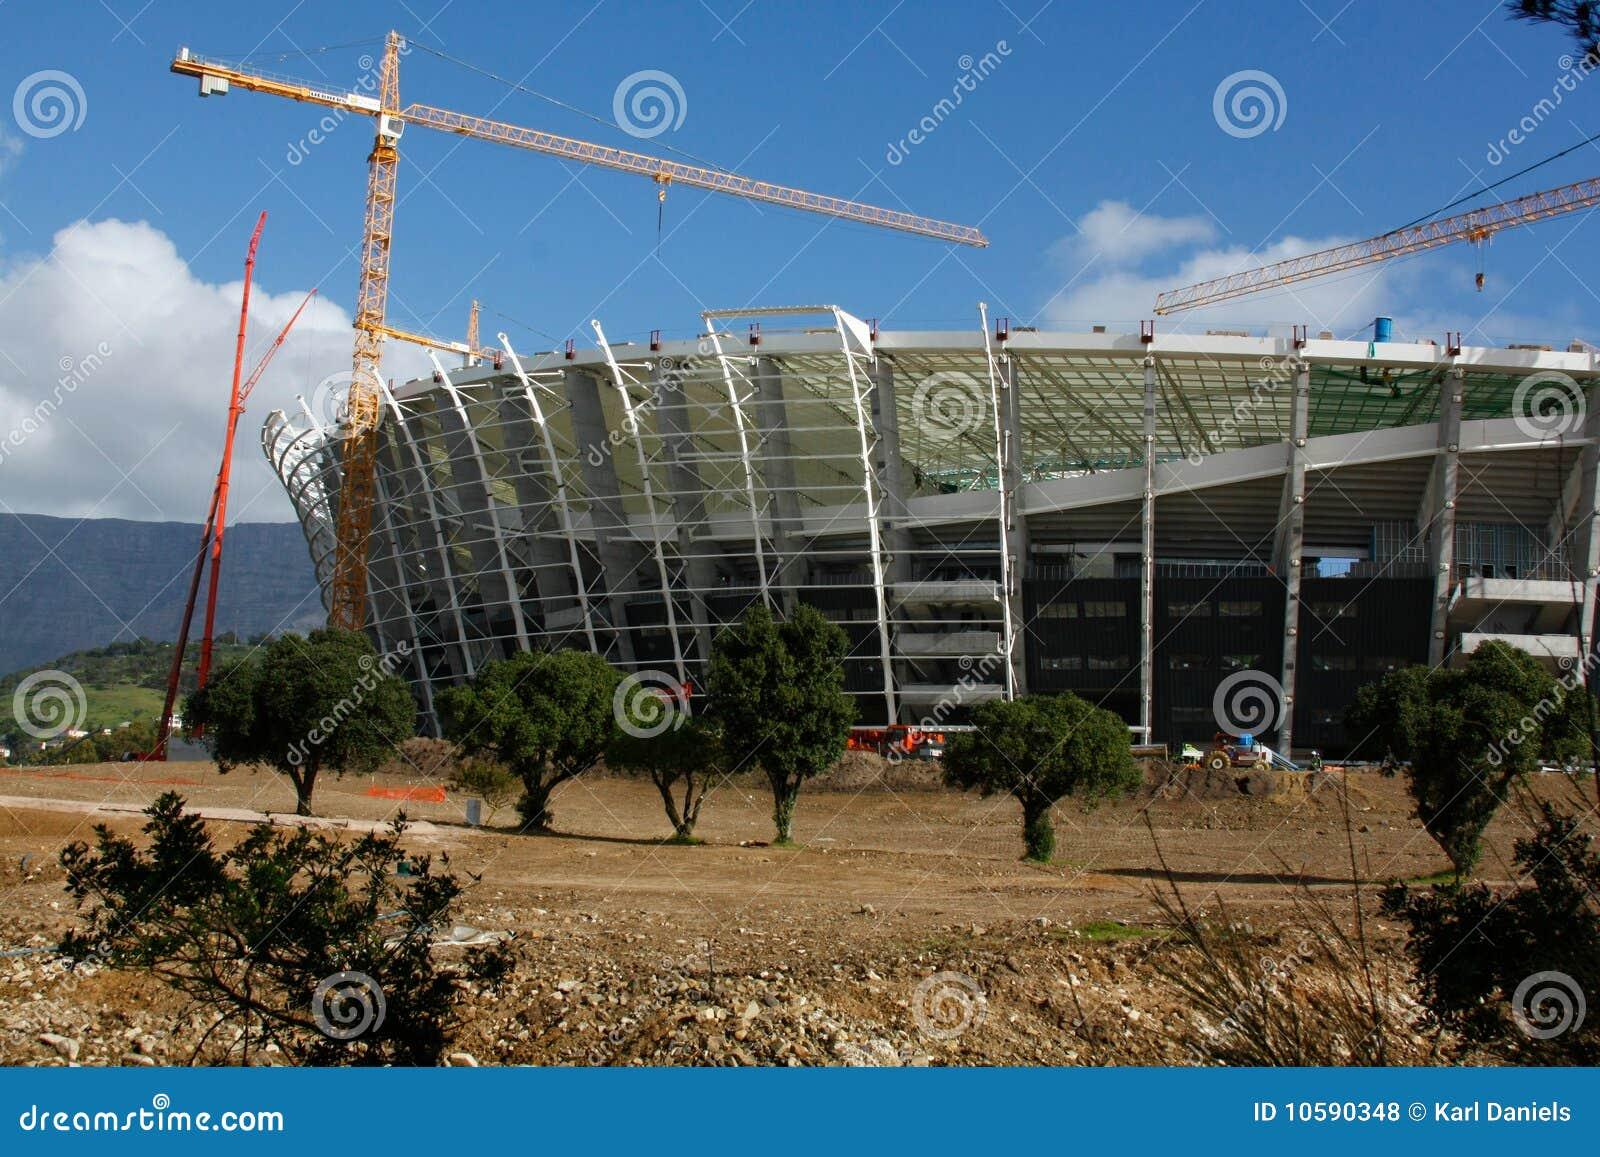 Green Point Stadium Construction
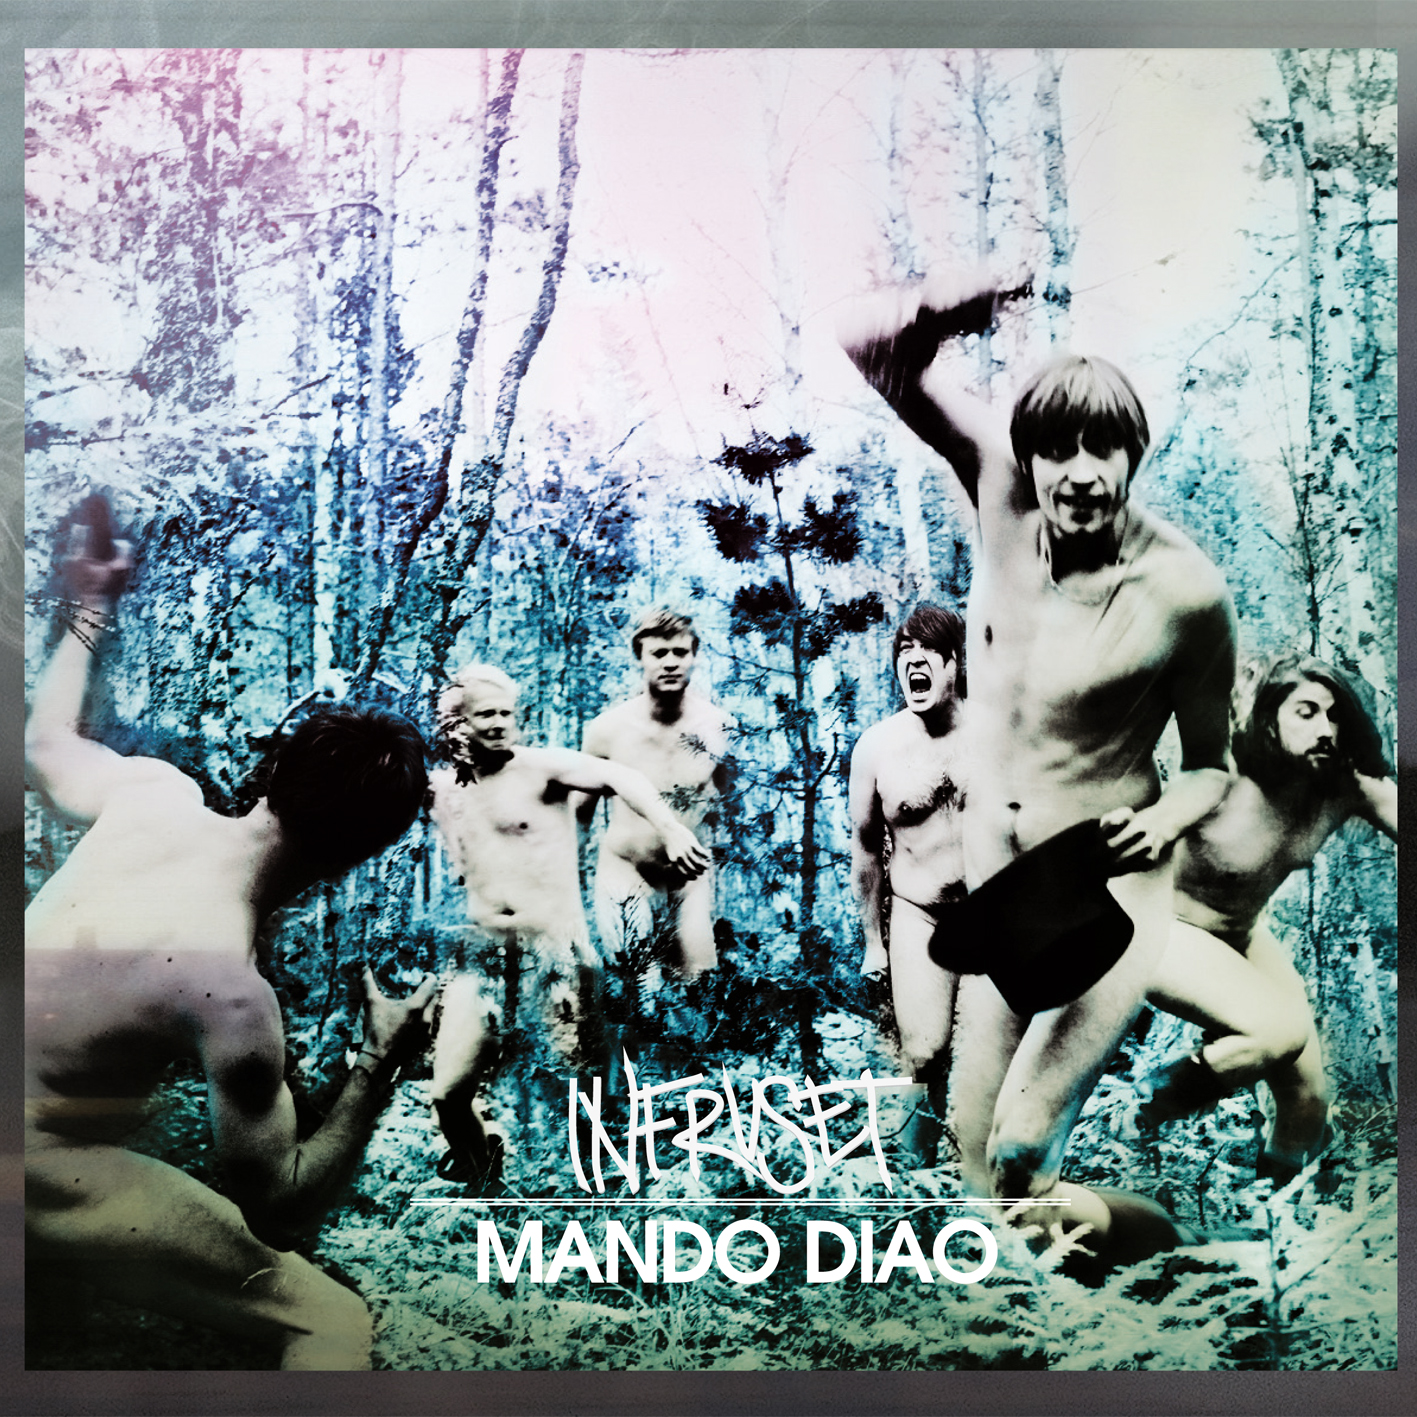 MANDO_INFRUSET
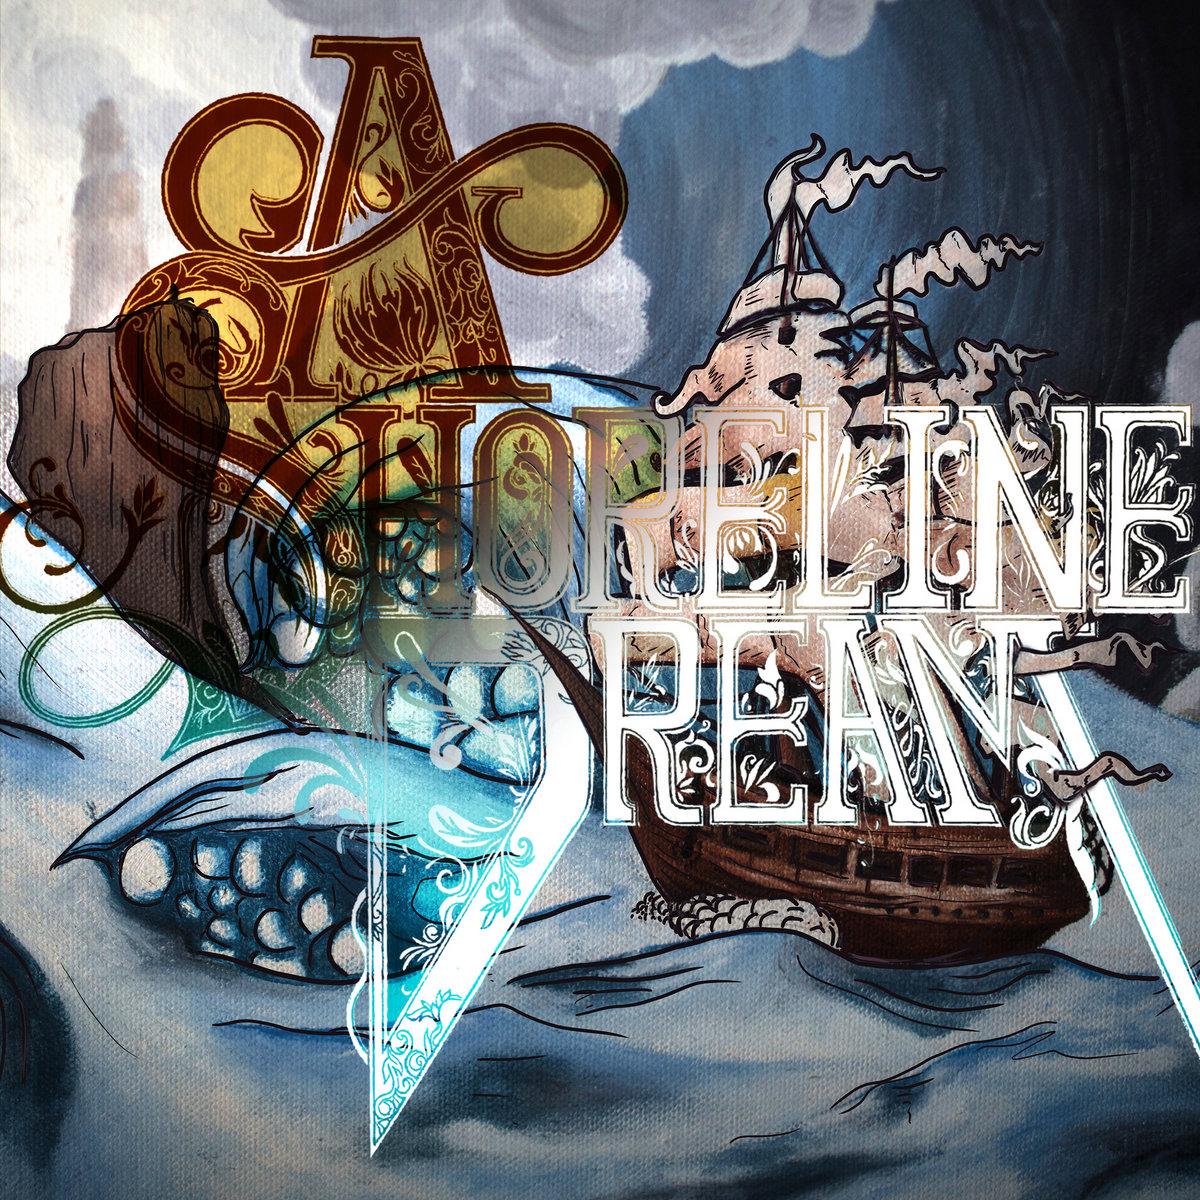 A Shoreline Dream – Meltng LP (cover)

• • • • • • •

■ How to complete this task
Skipping all images, print the data above a second time exactly.

■ Completed task
 Green Point Stadium Construction
 MANDO_INFRUSET
 A Shoreline Dream – Meltng LP (cover)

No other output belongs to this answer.